Clinging to hope as the clock ticks down

A government is made up of institutions. Those institutions are made up of people. Regular ol’ people who get tired, frustrated and burnt out. People who haul their butts to the office to keep things cranking, even when our Congress decides to cease paying them for weeks on end. Most of them are under too much pressure. Most of them are very good people. And most of them aren’t getting the type of treatment they deserve, not by a long shot. Yet they step into the game anyway.

This is what keeps me from teetering over the brink into insanity this election season. An inglorious election season that started as a joke, morphed into a panic-ridden, exhausting and polarizing frenzy, and is now culminating in the most depressing, dehumanizing and endless of finales. No matter where the cards fall at the end, towards the candidate you choose or I choose, we have a lot of objectively good people working in government who will hold it together at the seams, and who will put aside their own personal views and frustrations to get the job done.

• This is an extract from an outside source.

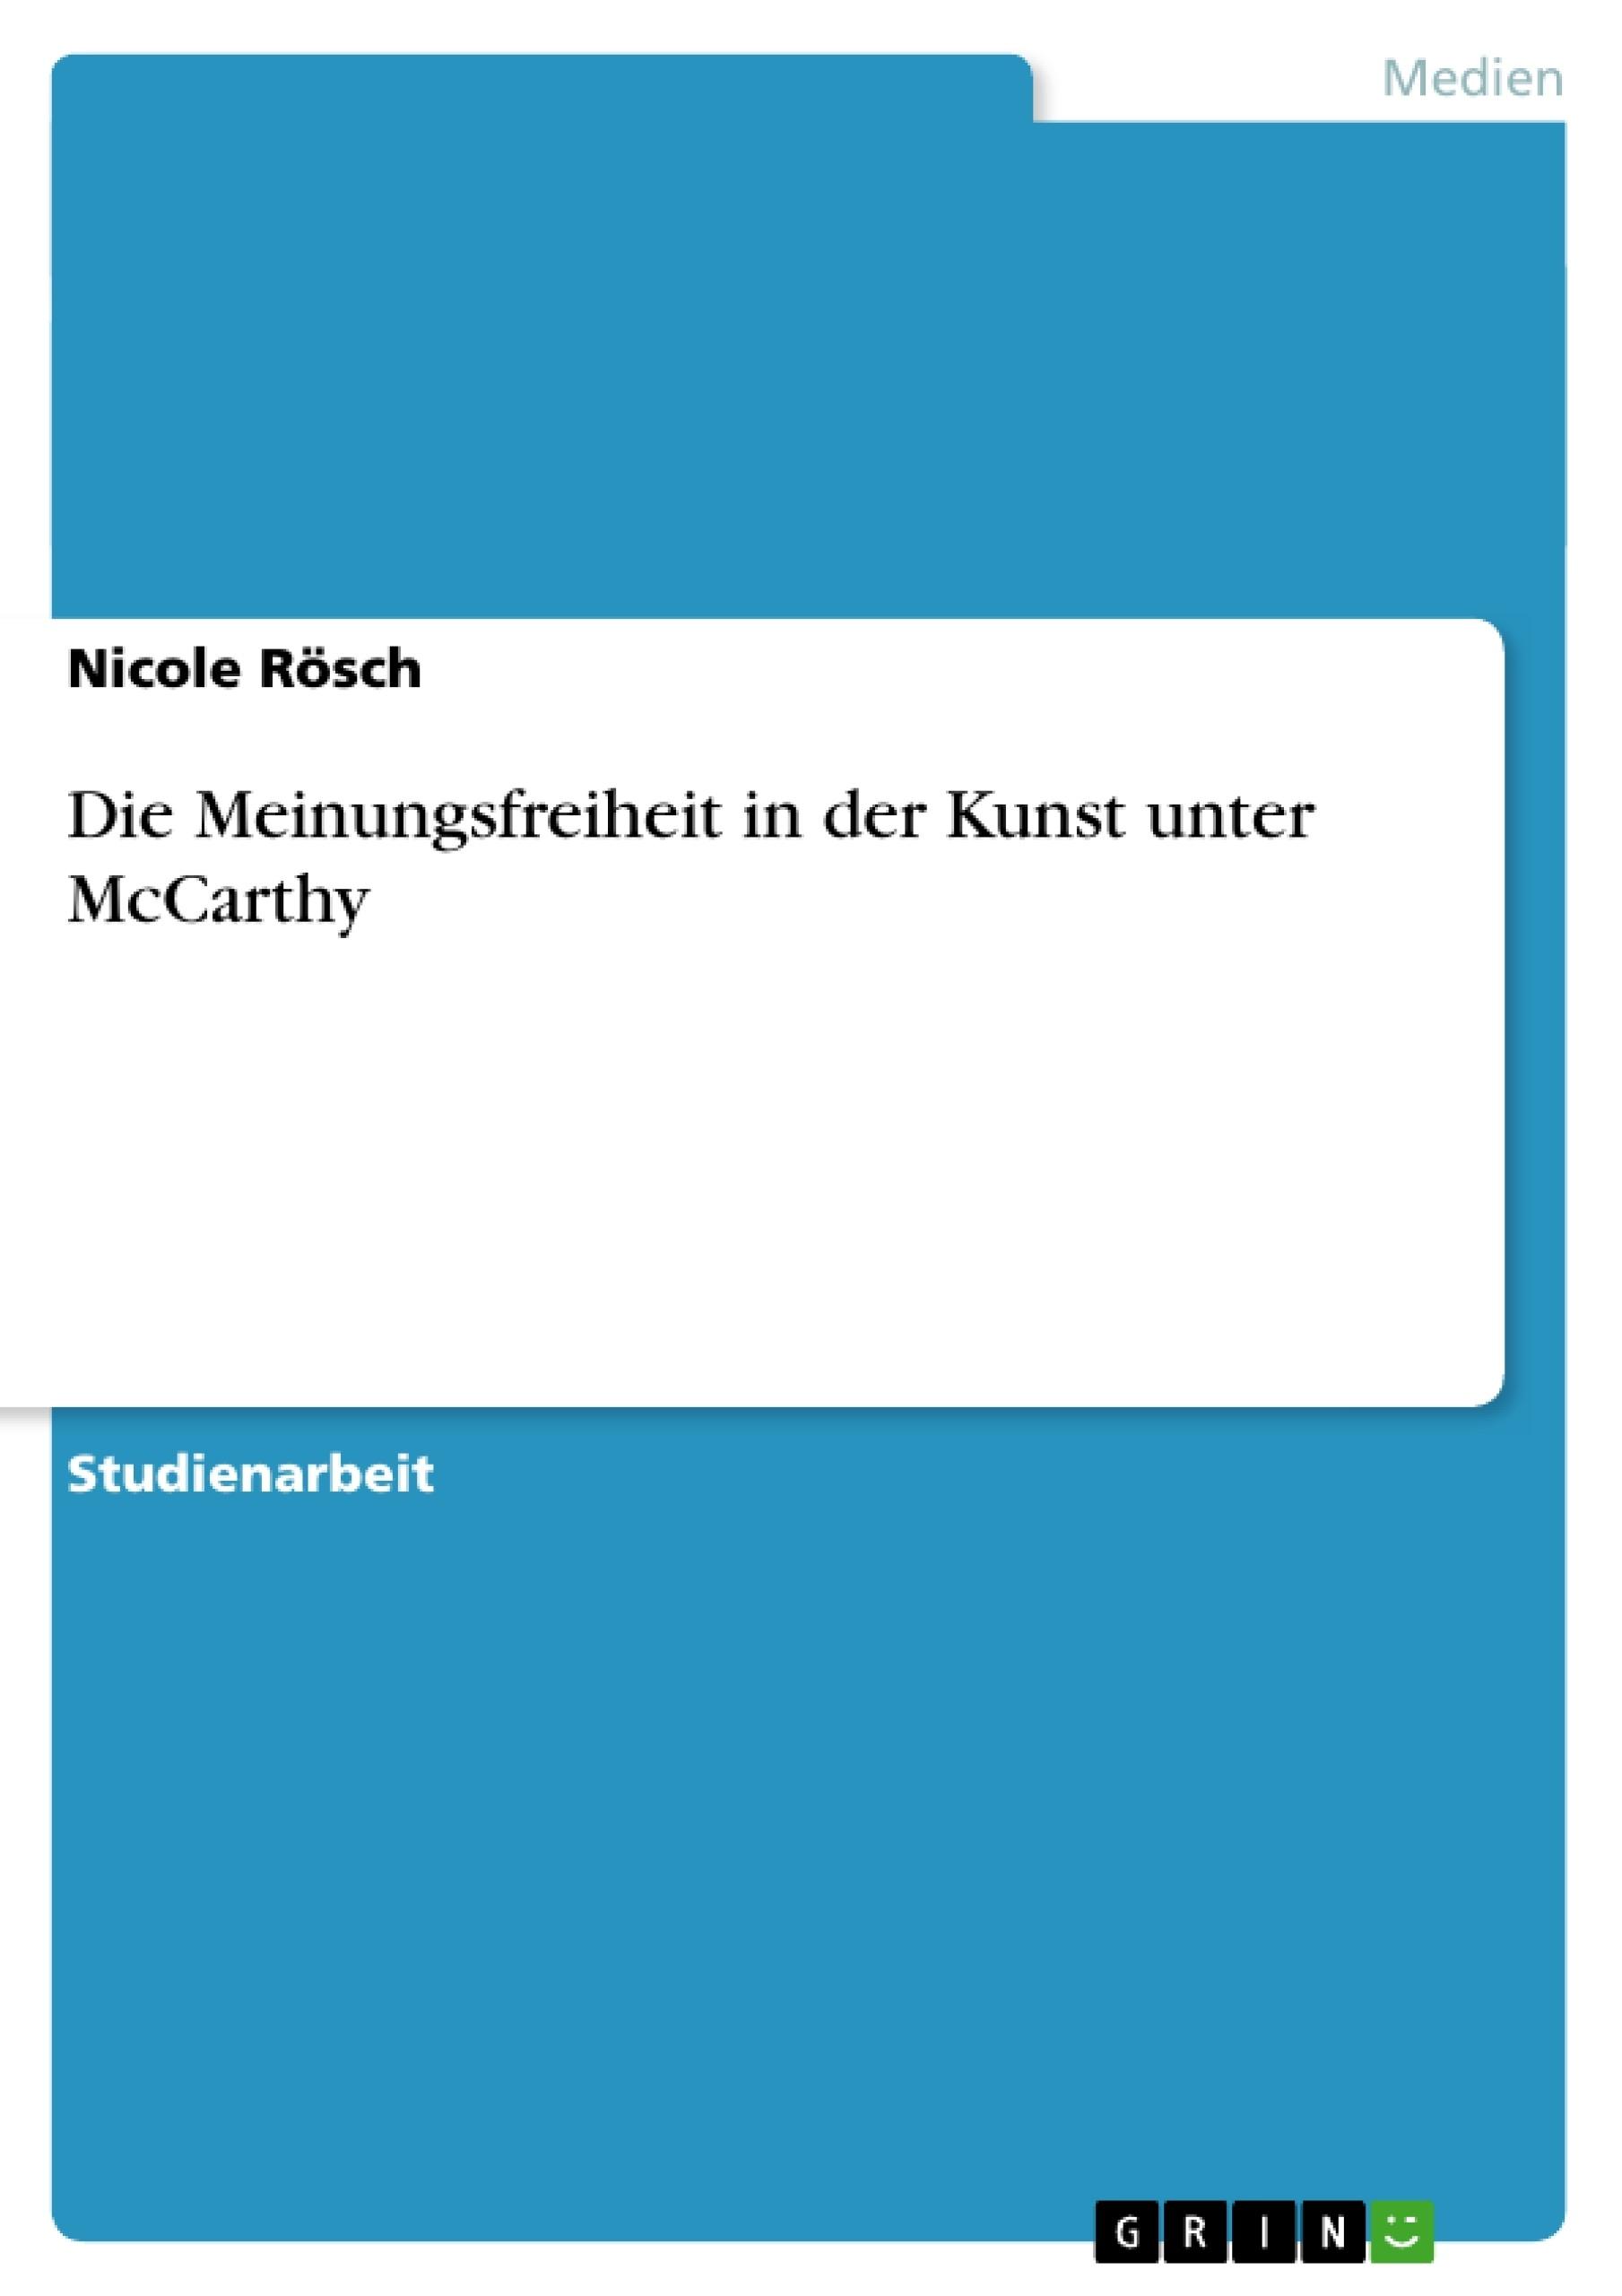 Titel: Die Meinungsfreiheit in der Kunst unter McCarthy

These people in government have, and will, encounter many frustrations. And like them, every single one of us has also been frustrated. At one time or another, we’ve felt that we haven’t been listened to. We haven’t had the opportunities we should. We don’t have the jobs we might have had. The debt is piling up on our shoulders. Our society is deteriorating. We are being discriminated against.

This election season has reemphasized something I have observed over my life time and time again. People respond to these feelings in one of two ways. There are those who suffer an injustice, or perceived injustice, and turn inwards. They become bitter, blame the world, look for a scapegoat and categorically refuse to take any responsibility for anything. They are the victim of great injustice, and damned if the world won’t know and pay for it.

Then there are those who, when trod upon, swear the most profound of oaths that no matter what happens, they are never going to treat another person the way they were treated. They accept their pain and in turn use it as a catalyst for increased empathy for humankind. They learn the great depth of the human spirit and experience the ultimate manifestation of compassion; ‘I have felt the indescribable agony of dehumanization, and I will fight with all my self such that others may never experience what I had to.’ The sting of discrimination lingers but they don’t just pack up their toys and go home. They step into the game, stand up to the bully on the playground and risk it all for a belief in a better, fairer world for everyone.

I remain steadfast in my belief that the people of our government, not the politicians, will hold us together in the end. Because I also believe that the type of person who commits him or herself to service in government, when they might have sought greater glory elsewhere, is the type of person who largely falls into the latter category. They will rise above. They will stay true.

And to those who fall into the former category, you may think you are alone in your experience of injustice. You may think that you have uniquely suffered. You may think that you, and you alone, deserved more and now someone must pay the price for your pain.

You are wrong. And you are fundamentally misguided in your belief of what it is to be American. The American spirit isn’t built on bitterness, anger, violence and complaints. Our nation became great because we worked hard without complaint, we were innovative, we forged communities, we treated our neighbor with respect and, despite our highly imperfect track record, the American spirit is one that understands and prioritizes equality. This may often manifest in an acknowledgement of when we failed to do so, and an intent to correct this going forward. We have made many mistakes. We can do better. But God help you if you are complaining because you’re no longer unequivocally being afforded privilege that was historically bestowed upon you by casualty of your birth gender and race.

As a child, I believed what I read about our country. I believed in freedom, equality, innovation and respect. God forbid we allow a generation of children to grow up without these ideals being lived out in front of them. The best gift we can give ourselves and our nation’s children is a belief in their country as a true beacon of hope to the world, and an understanding of the true American spirit; respect, tolerance and diversity.

In these bitter times, it can be so easy to forget that this is who we are. The first verse of our national anthem, the one you hear sung at sporting events the nation over, tells the story of fighting through the night. In the darkness, in the most hopeless of times, you are unable to see if the flag is still standing or if it, and as such your cause, have fallen in the darkness. Yet in the dawn’s light, beaten down and exhausted and at your lowest moment, you see in the sun’s first rays that our flag is still flying. We have continued to persevere.

 

* I would like to also take this opportunity to remind people that frustrated citizens have been voting for third party candidates since 1832, and in the subsequent 184 years not a single third party candidate has won a presidential election.